5.1 Support for a Shared Data Cache 


In this section we describe and evaluate support for TLS in a shared data cache. This support for multiple speculative 
contexts within a single cache is valuable for three reasons. First, support for multiple speculative contexts allows us to 
implement TLS with simultaneous multithreading (SMT) [22] and other shared-cache multithreaded architectures. Second, 
we can use multiple speculative contexts to allow a single processor to switch to a new epoch when the current epoch is 
suspended (e.g., when waiting for the homefree token). Finally, we may want to maintain speculative state across OS-level 
context switches so that we can support TLS in a multiprogramming environment.” 


5.1.1 Performance of Shared Data Cache Support for TLS 


We compare the performance of both private-cache and shared-cache support for TLS in Figure 5. P shows speculative 
execution on a 4-processor CMP with private caches, and S shows speculative execution on a 4-processor CMP with a shared 
first-level data cache. To facilitate comparison, the shared cache is the same size and associativity as one of the private 
caches (32KB, 2-way set associative). For 10 of the 15 applications, the performance with a shared cache is similar to 
the performance with private caches; the remaining 5 applications (COMPRESS, GAP, IJPEG, VORTEX, and VPR) perform 
significantly worse with a shared cache due to increased failed speculation. 

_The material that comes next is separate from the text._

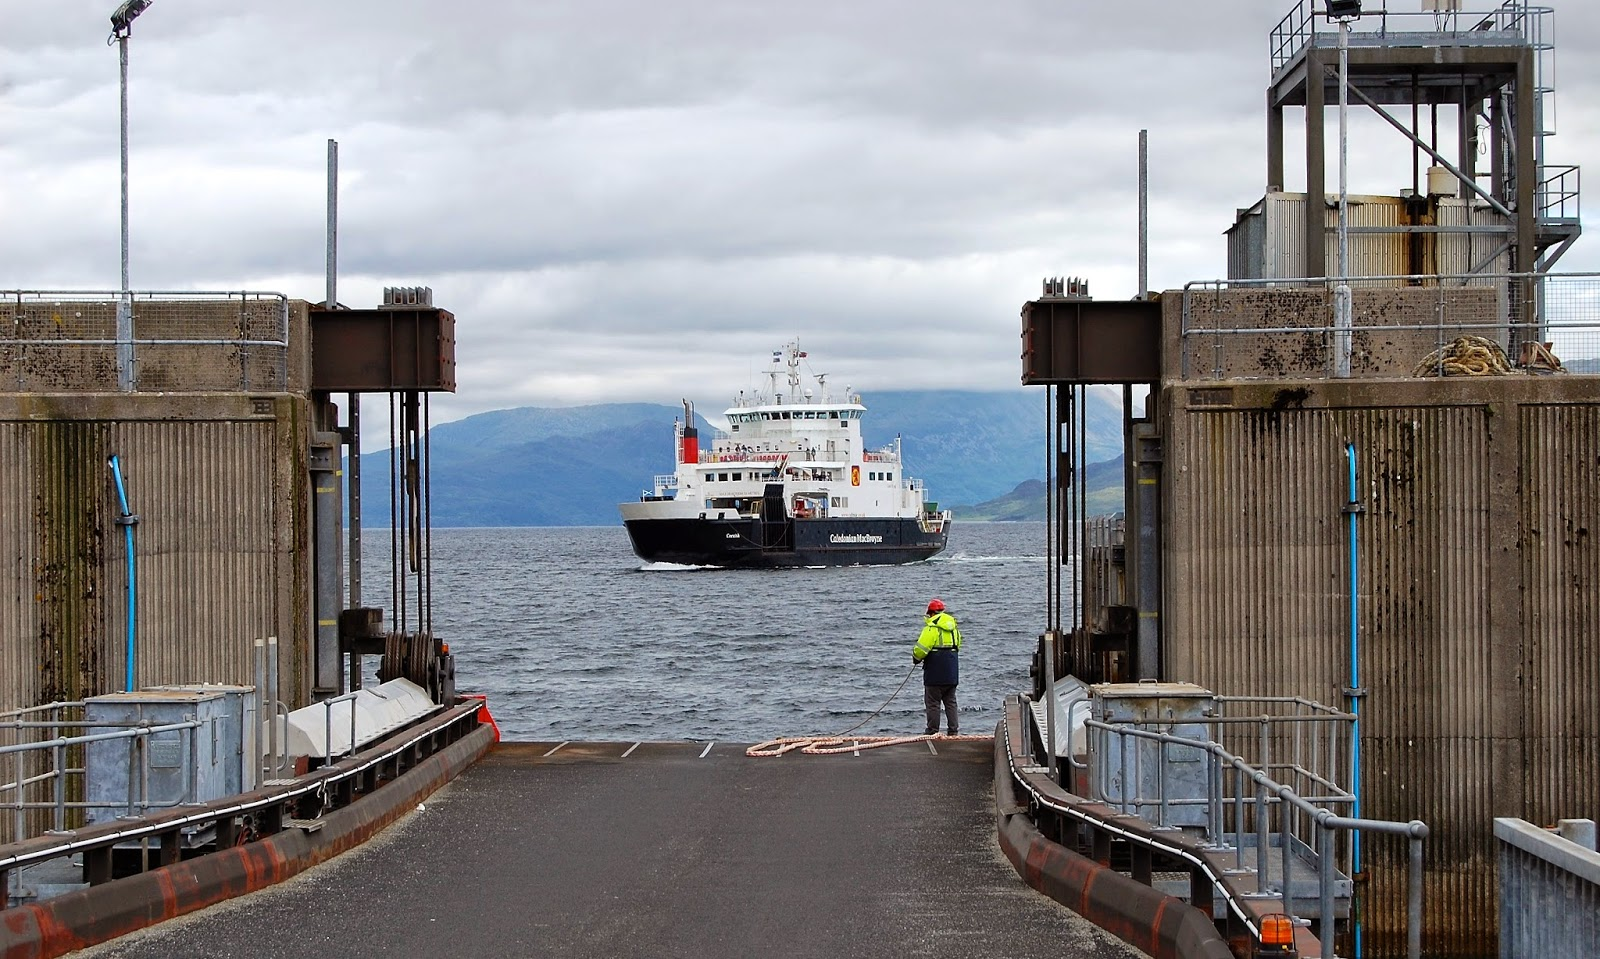 Caledonian MacBrayne ferry boat arrives in Armadale, Isle of Skye

For most applications, our baseline shared-cache hardware support is sufficient to maintain the performance of private 
caches; however, for several applications the impact of conflict violations is severe. In the dissertation I evaluate several 
mechansism to reduce these conflicts and hence improve performance. 

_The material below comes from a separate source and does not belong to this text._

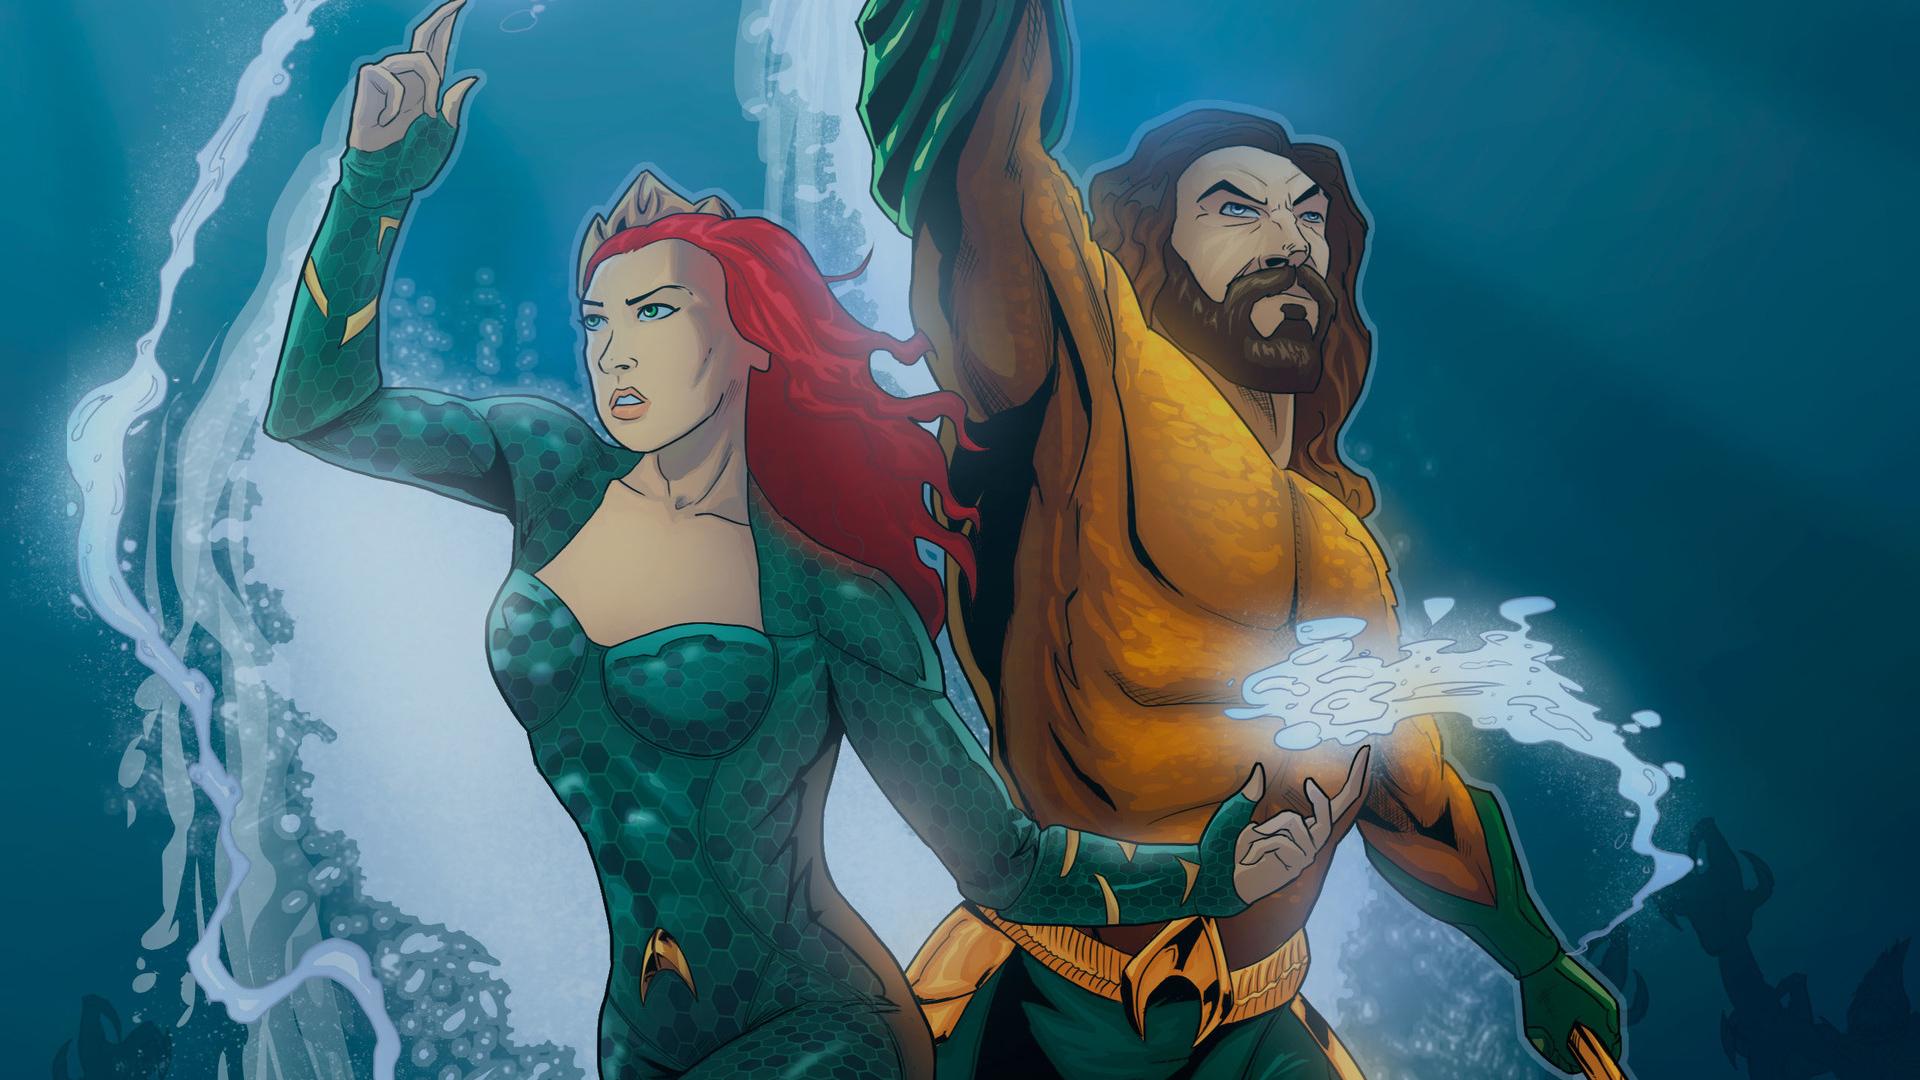 2048x1152 Aquaman And Mera 2048x1152 Resolution Hd 4k Wallpapers

5.2 Scaling Beyond Chip Boundaries 


Our scheme scales naturally to large machines since it is built upon invalidation-based cache coherence which itself works 
on a wide-variety of distributed architectures. In this section we evaluate the ability of our coherence scheme for TLS to scale 
up to multiprocessor systems composed of chip-multiprocessors. 

Given a fixed total number of processors, there are both advantages and disadvantages to splitting those processors across 
multiple nodes. One advantage is that the total amount of secondary cache storage increases (since there is a fixed amount 
per chip). On the other hand, disadvantages include an increase in the average cost of inter-processor communication, 
and decreased data locality. Figure 6 shows the region performance of the floating point benchmarks on multiprocessor 
architectures with varying numbers of processors and nodes. For each benchmark we simulate 1, 2, and 4 nodes (N) with a 
varying number of processors per node. Each bar is normalized to the execution time of the the sequential version (1 node 
with 1 processor). Each chip-multiprocessor node is part of a cache-coherent non-uniform memory access (CC-NUMA), 
distributed shared memory (DSM) mesh network with 2 kilobyte pages that are distributed in a round-robin fashion across 
the memories in the DSM network. The communication latency between nodes for all speculative events (spawning an epoch, 
explicit forwarding, passing the homefree token) is 100 processor cycles. 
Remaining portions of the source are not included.